Until 2005, the station was the primary rapid transit link between Boston to the airport. As part of Big Dig environmental mitigation, the state was mandated to run Silver Line service to the airport terminals. Full-time service from South Station began on June 1, 2005. This SL1 service has replaced the transfer at Airport station for many travelers, although the station still sees substantial airport traffic.

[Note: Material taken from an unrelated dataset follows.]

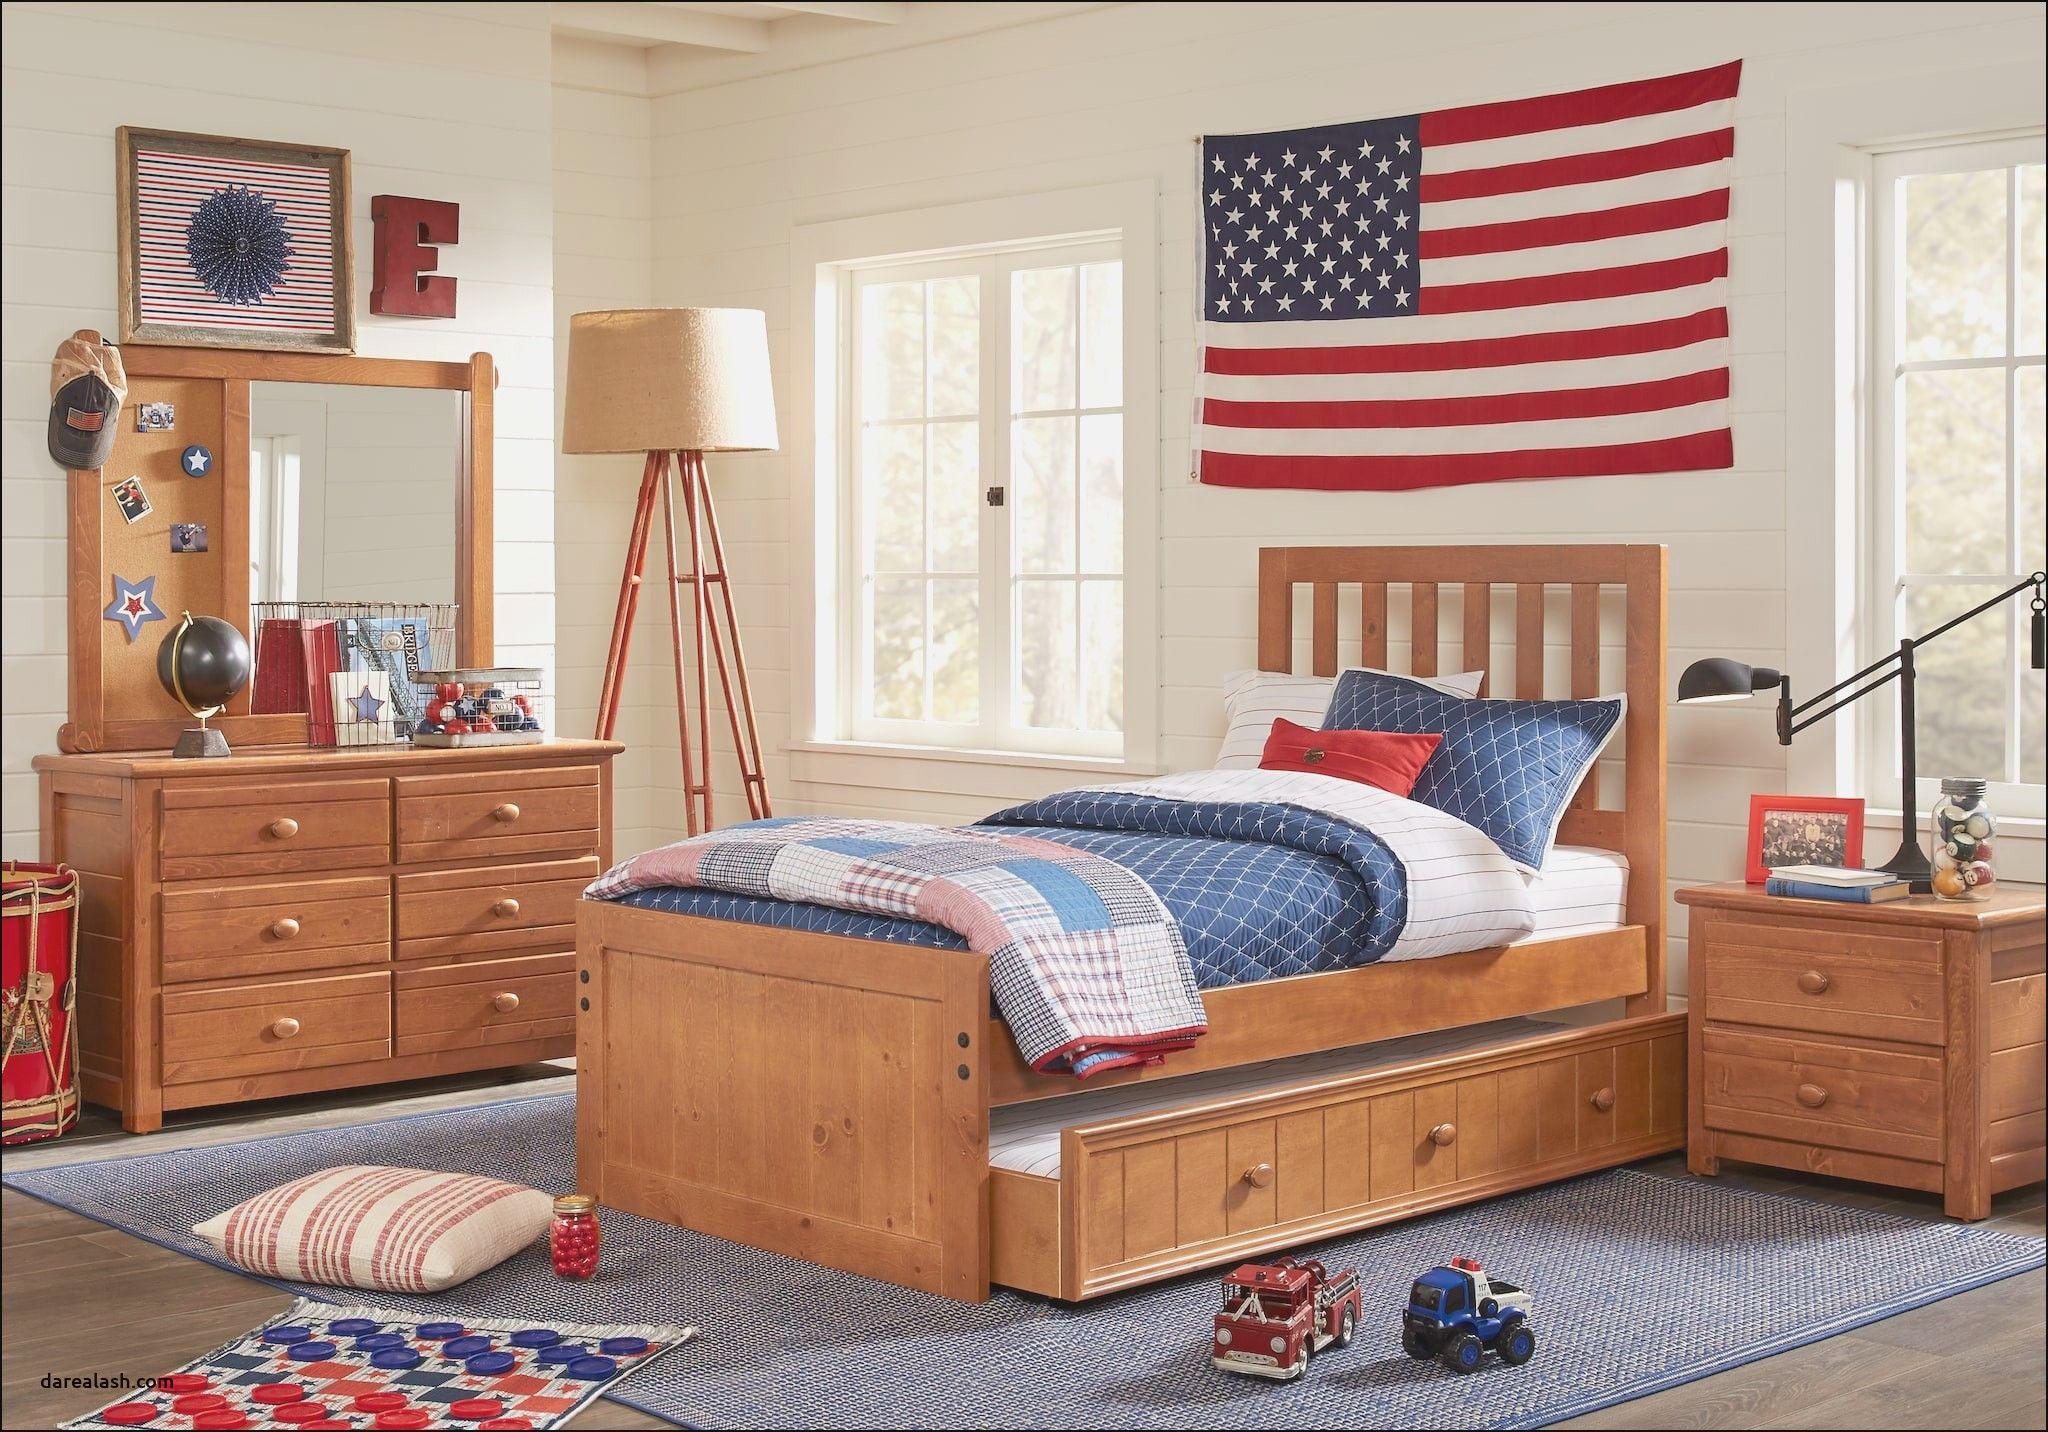 Rooms To Go For Kids Interior Design Best Of Discount Bedroom Furniture Sets Kids Bedroom Sets Bedroom Furniture Stores

Airport station was a proposed stop on the Urban Ring Project. The Urban Ring was to be a circumferential bus rapid transit (BRT) line designed to connect the current radial MBTA rail lines, to reduce overcrowding in the downtown stations, but it was canceled in 2010. Under draft plans released in 2008, a new surface-level BRT platform was to be built on the north side of the existing busway. Although the full project was shelved due to the MBTA's financial difficulties, some corridor routes received more limited work, including a branch of the Silver Line to Chelsea. The new branch separates from the SL1 route before Logan Airport; it stops at Airport station at the previously proposed spot, then runs over a haul road and a new busway constructed on a former section of the Grand Junction Railroad. The SL3 service began on April 21, 2018.

=== Plans ===
In October 2015, Massport released plans for a major expansion of Terminal E which would include a pedestrian bridge directly to the station. With half a mile between the terminal and the station, the moving walkways for the connection would be among the longest in the world. In April 2018, Massport announced a $15 million study of a possible automated people mover system to connect the Airport Station with the four terminals, rental car center, and economy parking. It would replace the shuttle busses and serve instead of the proposed walkway. Implementation was estimated to cost $1 billion and take ten years.